Coe, 44, was executed for the 1979 rape and murder of an 8-year-old girl.
Tennessee was the only Southern state that has not executed anyone since the U.S. Supreme Court reinstated the death penalty in 1976. The last execution in Tennessee was in 1960.
In the last month, Coe had twice come within 16 hours of being executed. Both times, federal courts blocked his execution so they could review his mental competence. A federal appeals court found him mentally competent and the U.S. Supreme Court denied his latest appeal on Tuesday.
The state Supreme Court gave the final approval for the execution early Wednesday, overruling a lower court that had issued a temporary injunction over the execution method.
Coe's case has been in the legal system for more than 20 years since he confessed to raping and killing Cary Ann Medlin in Greenfield in western Tennessee.

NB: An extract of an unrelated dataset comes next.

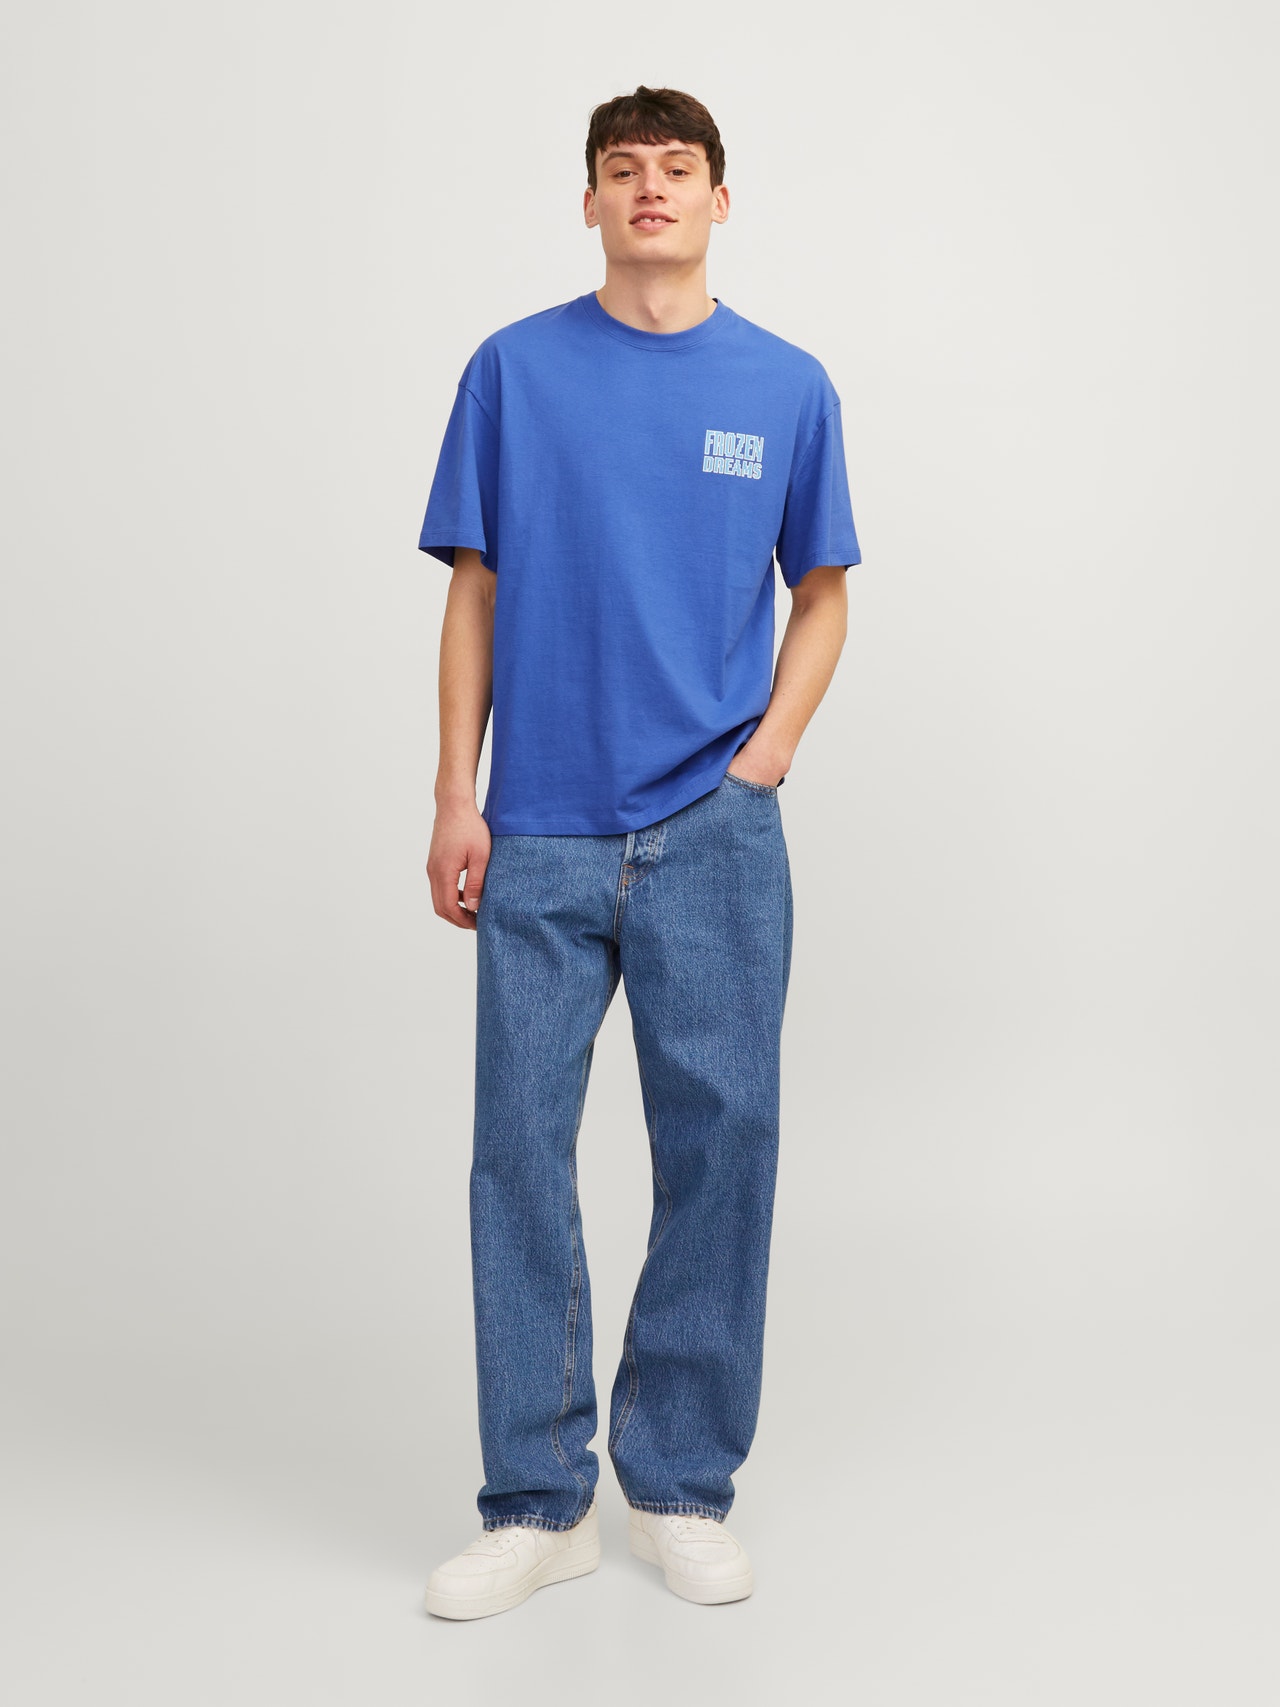 Jack & Jones Printed Crew neck T-shirt -Dazzling Blue - 12256928

He told authorities that he had intended only to rape her, but then "she told me that Jesus loves me, and that is when I got so upset and I decided to kill her."
The then-23-year-old mechanic was arrested three days later as he was about to board a bus for Georgia. The black shoe polish he had used to dye his hair was still dribbling down his face.
His attorneys contend Coe's confession was coerced and driven by mental illness caused from years of physical and emotional abuse by his impoverished parents.
Some religious leaders had condemned the Tennessee Supreme Court for scheduling the execution during the holiest week on the Christian calendar and at the beginning of the Jewish Passover. Wednesday is the first evening of Passover and four days before Easter.
A spokeswoman for the state's high court said the justices chose the date because it was one week from April 11, when the appeals court found him competent.